Admittingly, since it is Mario Party, the dice definitely aren't fair.

Coincidently, for many Nintendo games, there's usually a way to control
randomness by deliberately seeding the RNG in a certain way. (Pokemon in
particular has many RNG/memory manipulation tricks).

One my favorite RPGs, Golden Sun, has an RNG flaw that if you perform an exact
sequence of attacks in a certain order, you will ALWAYS get a rare item drop.
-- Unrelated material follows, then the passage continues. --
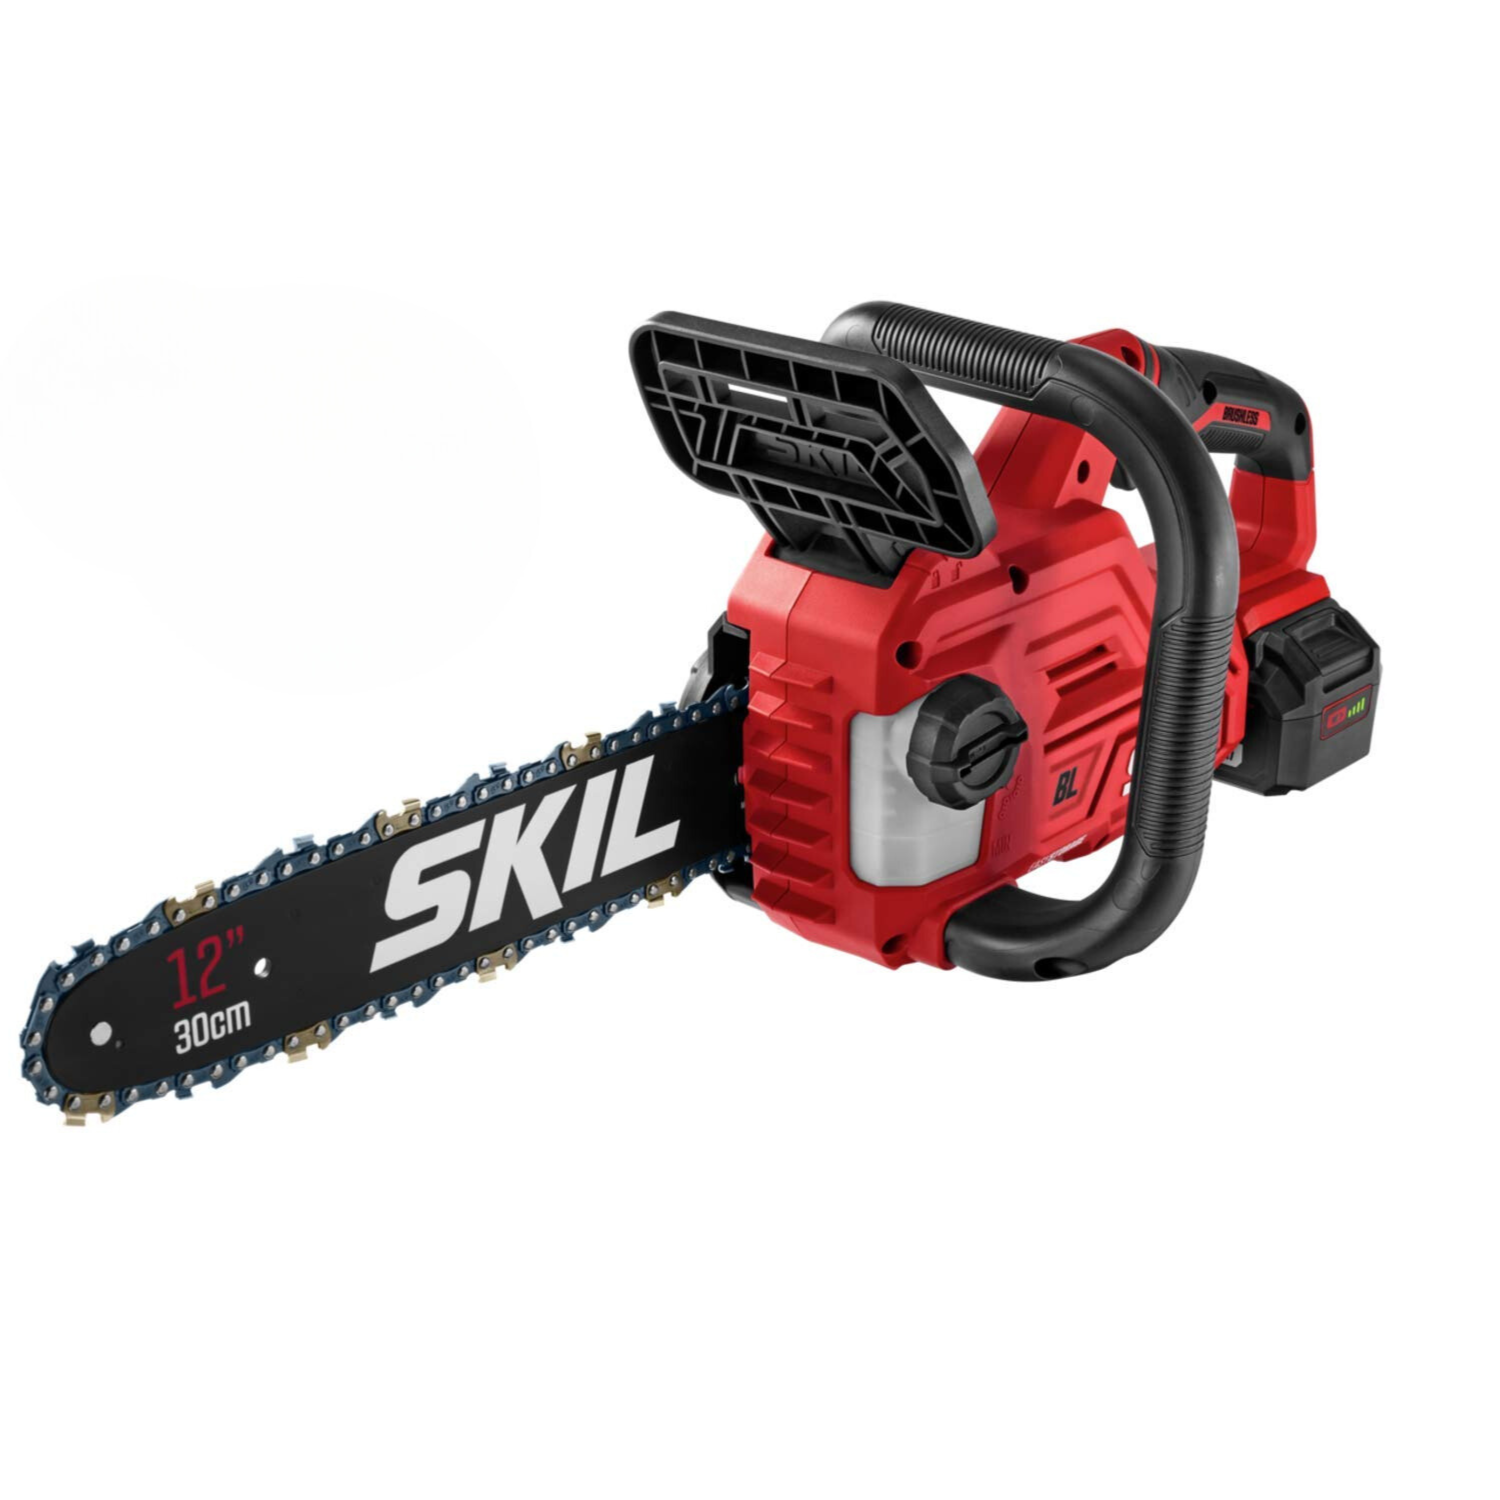 a milwaukee chainsaw on a white background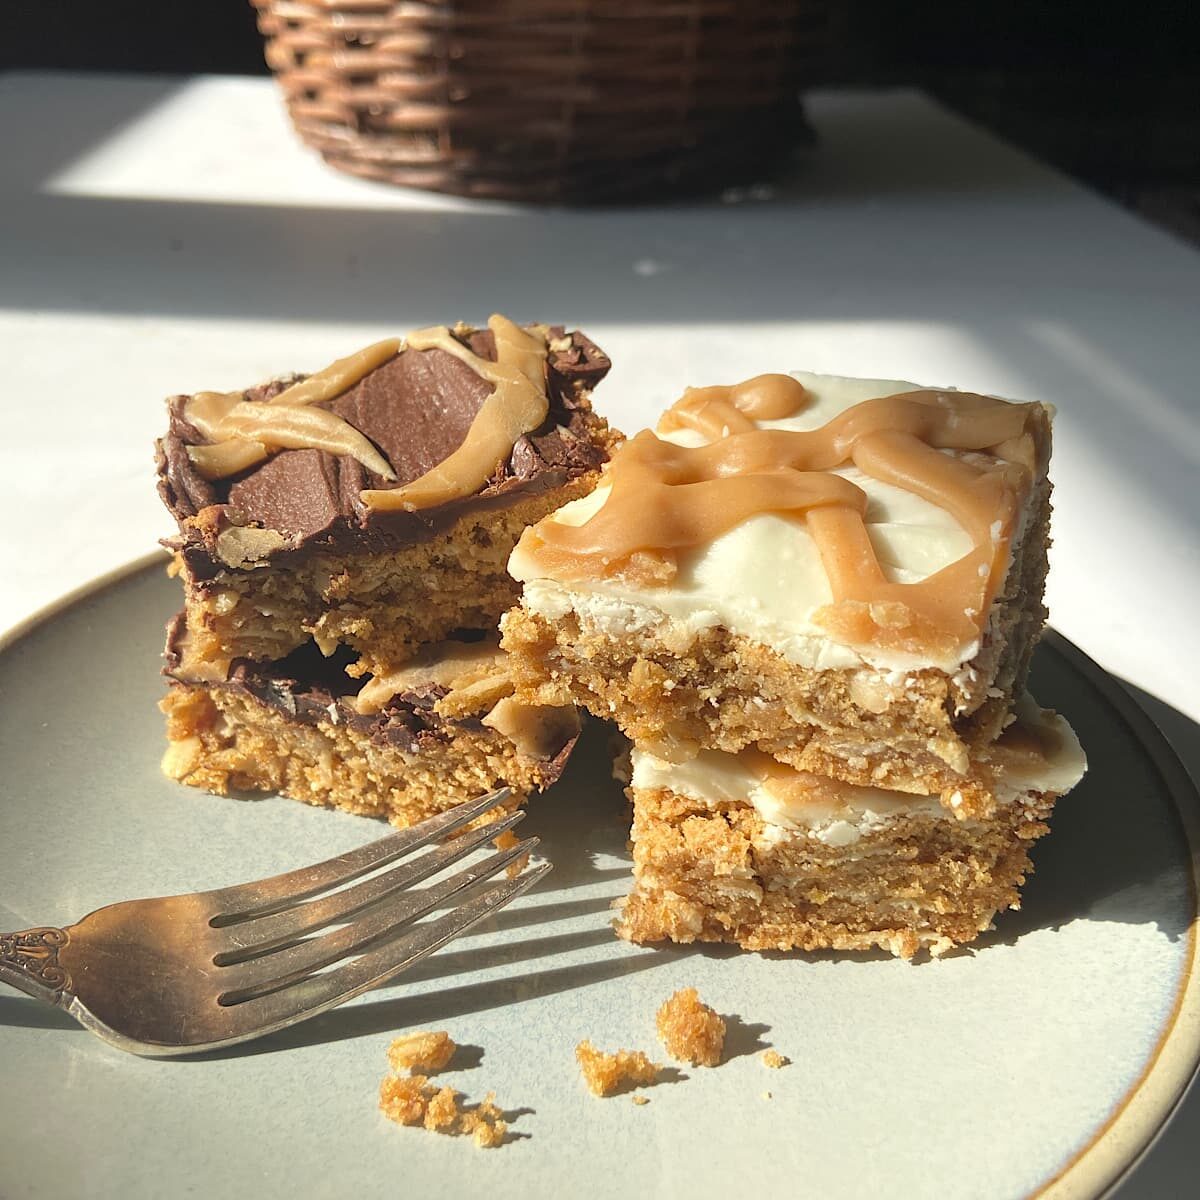 Peanut butter squares on a plate.

[http://minimaxir.com/2013/05/guaranteed-to-be-
random/](http://minimaxir.com/2013/05/guaranteed-to-be-random/)

------
gonnakillme
If you all aren't familiar with Mario Party, here's what they're talking
about: for a number of applications like turn order and movement distance, a
Mario-style block that looks like a rolling die appears over your character's
head. When you jump and hit the block, it settles on a single number.
Apparently, you get the same number regardless of how long you wait to jump.
The issue here isn't that the PRNG is reseeded or anything, it's that the
appearance of player autonomy is an illusion.

------
hartror
I am mildly worried by someone who is obviously an experienced and competent
coder not understanding how pseudorandom number generators work. As they have
an initial state which is often determined at program or level load time
saving the state of the game means the state of the srand[1] or the 64's
equivalent is stored.

[1]
[http://www.cplusplus.com/reference/cstdlib/srand/](http://www.cplusplus.com/reference/cstdlib/srand/)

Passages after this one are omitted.